The upshot is that people tend to be overly optimistic about whether institutions match their standards of justice. This in turn means that even though perceived injustices undermine strength, institutions that are in fact unjust may well be strong and difficult to change. In practice, institutions often discriminate, dominate, exploit and oppress (Cudd 2006; Haslanger 2012; Young 2011). However, the extent to which people resist them is limited. This can be explained in terms of the fair status quo bias, at least in part. It reveals that structural injustices are often obscured and difficult to illuminate. Thus, there is a dark side to unjust institutions that explains why they often go unchallenged. This reveals why structural injustices are often so resilient.Footnote 31

4 Conclusion

Inspired by the normative turn in social sustainability research, I have proposed a value-based conception according to which sustainable systems secure values. If a social system is sustainable, it robustly realizes values, including justice. Thus, social sustainability has three dimensions: resilience, values (in general) and justice (in particular). Which values matter depends on the kind of society that is worth sustaining. Furthermore, I have advocated an institutional turn: social sustainability is best seen as a property of institutions, rather than, for instance, of communities and cities.

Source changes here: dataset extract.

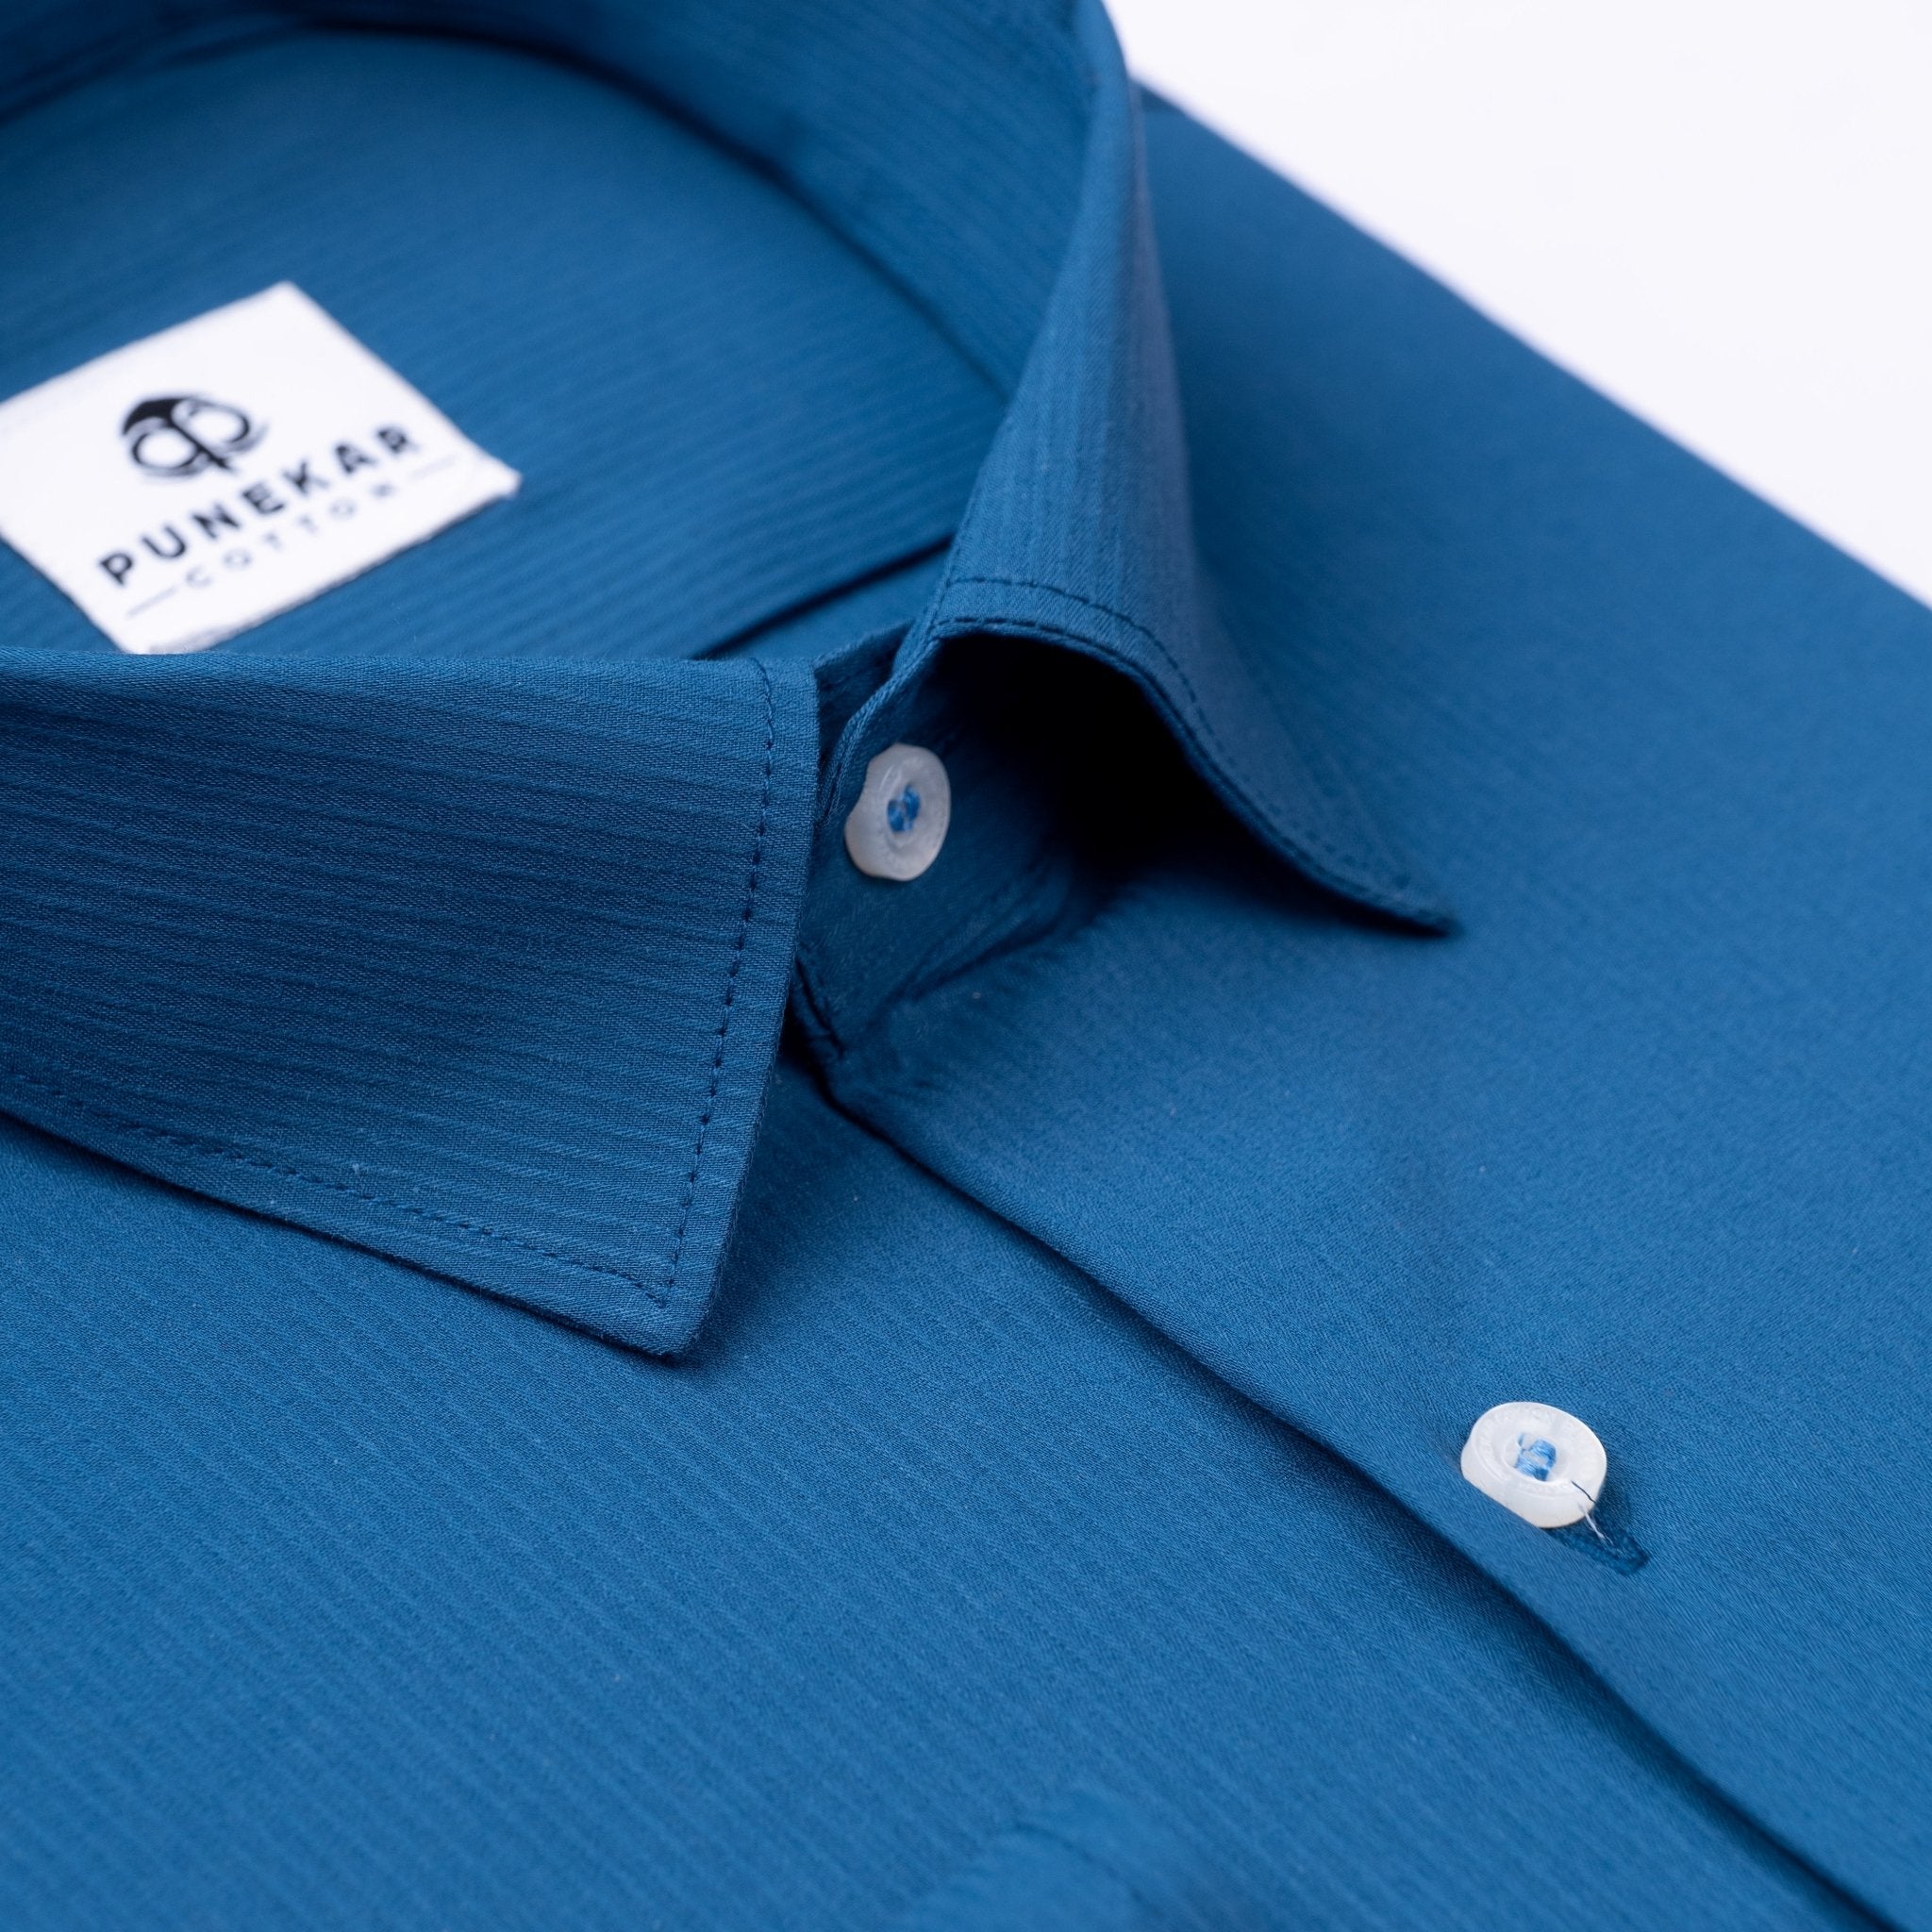 Royal Blue Color Lining Texture Lycra Cotton Shirt For Men - Punekar Cotton

At the heart of the proposed Institutional Sustainability Framework lies the claim that institutions are social norms that govern social practices. Institutions can secure values, because they consist of social norms. The stronger an institution, the more value it generates, other things being equal. Furthermore, positive valuations foster strength. But perceived injustice undermines it. This framework forms a solid basis for applying the value-based conception of social sustainability in contemporary societies. It identifies the structural features of institutions due to which they can be sustainable. Because of this, it can be used for assessing institutions and for setting priorities for reform.

Furthermore, the framework supports an integrative approach. As I have argued, it can be ineffective or even counterproductive to promote one dimension in isolation from the others. Finally, it fits seamlessly with the Sustainable Development Goals of the United Nations. They center around issues such as health, gender equality, inclusive education, peace, security and the protection of human rights, which reveals the central role that values play in them. Thus, the Institutional Sustainability Framework provides for a new and solid basis for social sustainability research and policy.